Lorre wasn't the only genius working on M. This entire attitude of inviting both horror and pity simultaneously marks M as being not just a masterpiece but a masterpiece well ahead of its time. I'm in awe of the talent of Fritz Lang to have made this film at all, but even more so that he made it in 1931. It isn't a film about a serial killer, it's more a film about what a serial killer means to society. We don't see a single murder and we see more evil in the actions of others than in Beckert's own despicable deeds. Most tellingly, there are chilling similarities to more recent events, especially for me the vigilante incidents that followed the publication in the English tabloid newspaper, News of the World, of the names and addresses of all known sex offenders in the country. People and houses were attacked before it was realised that many of the names and addresses were out of date. One woman was even targeted because of a stupid assumption that 'paediatrician' meant 'paedophile'.
Such reactions could have come straight out of the script of this film, especially the powerful final sequence. After being marked with an M for murderer by a beggar, in obvious reference to the A for adulterer carried by Hester Prynne in Nathaniel Hawthorne's The Scarlet Letter, Beckert changes from predator to prey. He is followed, cornered like a rat and finally captured. He pours out his tortured soul in front of the kangaroo court that would try him, comprised of the criminal underworld and supposedly cast from real criminals. This confession scene is the powerhouse performance that made Lorre's career in films possible. After this he was in major demand and was working for Hitchcock in three years and Hollywood in four.
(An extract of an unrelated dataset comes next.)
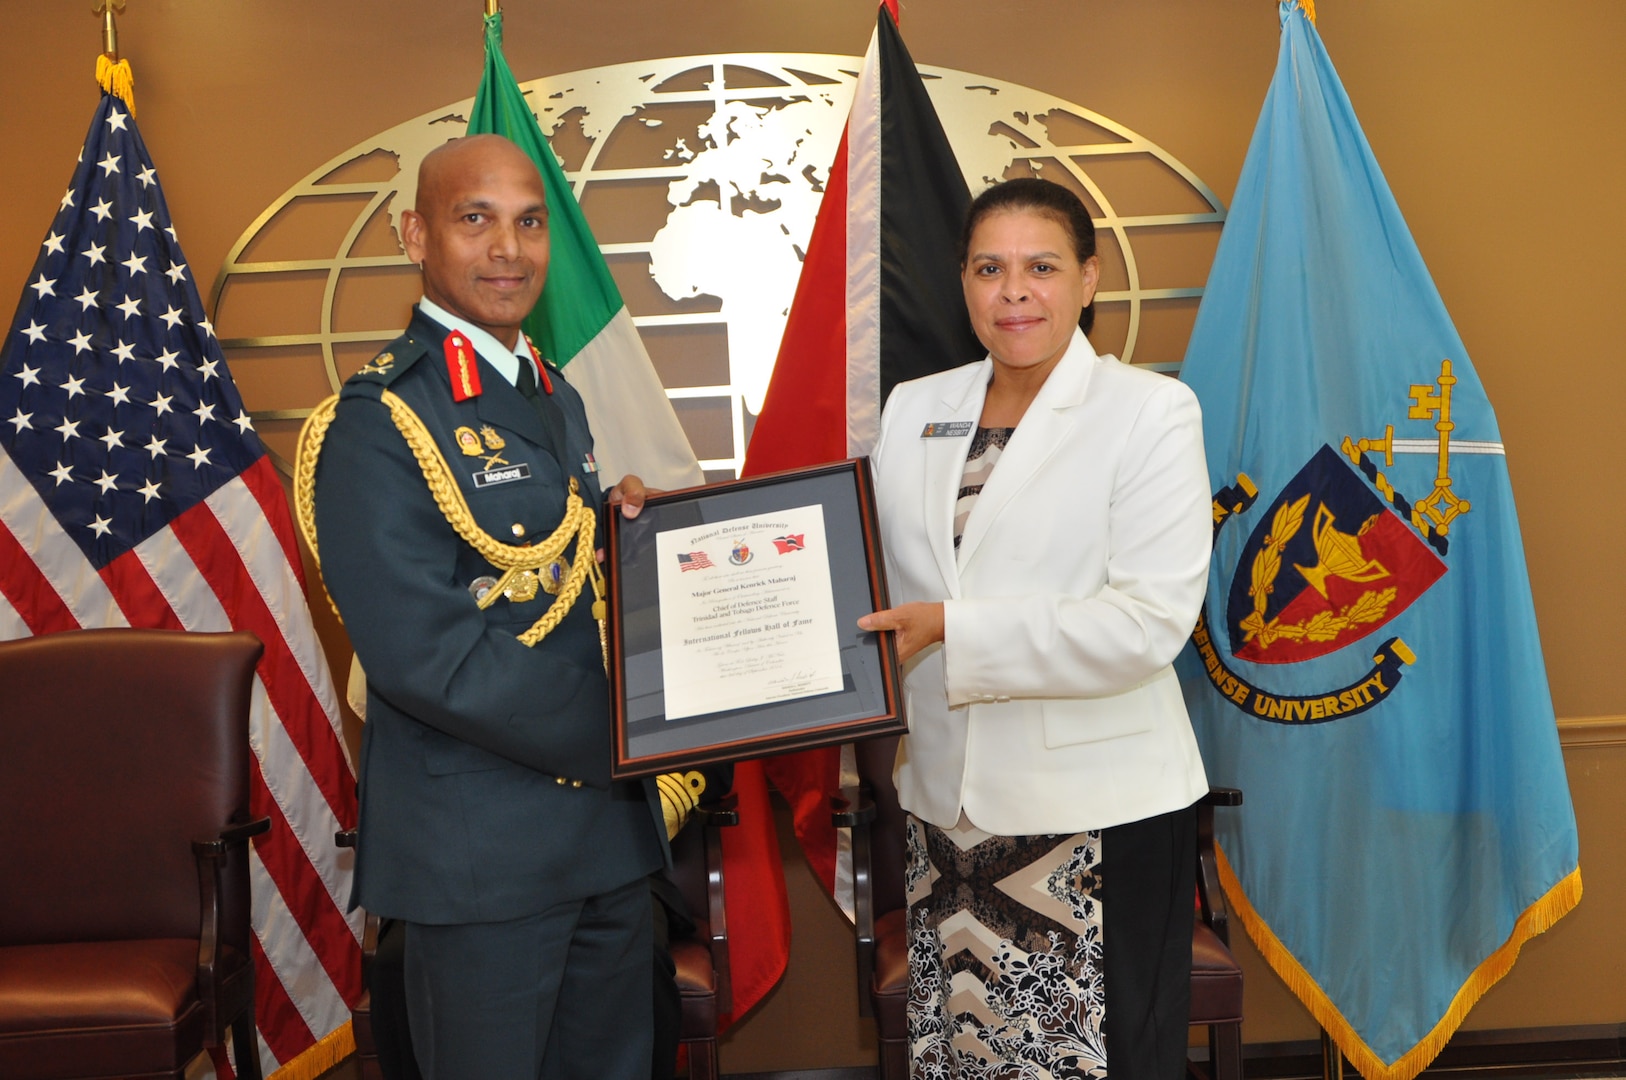 NDU Interim President Ambassador Wanda L. Nesbitt presents Major General Kenrick Maharaj of Trinidad and Tobago with a certificate confirming his induction into the International Fellows Hall of Fame on September 3, 2014.

Bizarrely, as both Lang and Lorre were Jewish, this memorable scene was later used out of context by the Nazis to denigrate that religion in their notorious propaganda film, The Eternal Jew. This choice is especially ironic as Lang originally had trouble obtaining studio space to make his film under its working title The Murderers are Among Us. The story goes that the studio owner was a Nazi and believed that the title referred to the Nazi party itself, probably accurately.
I'd looked forward to watching M for years. Not only did it exceed my highest expectations but now I'm looking forward to watching it again. I can't say that for many films, even the classics I've been watching as part of this project. That property alone makes M something very special indeed.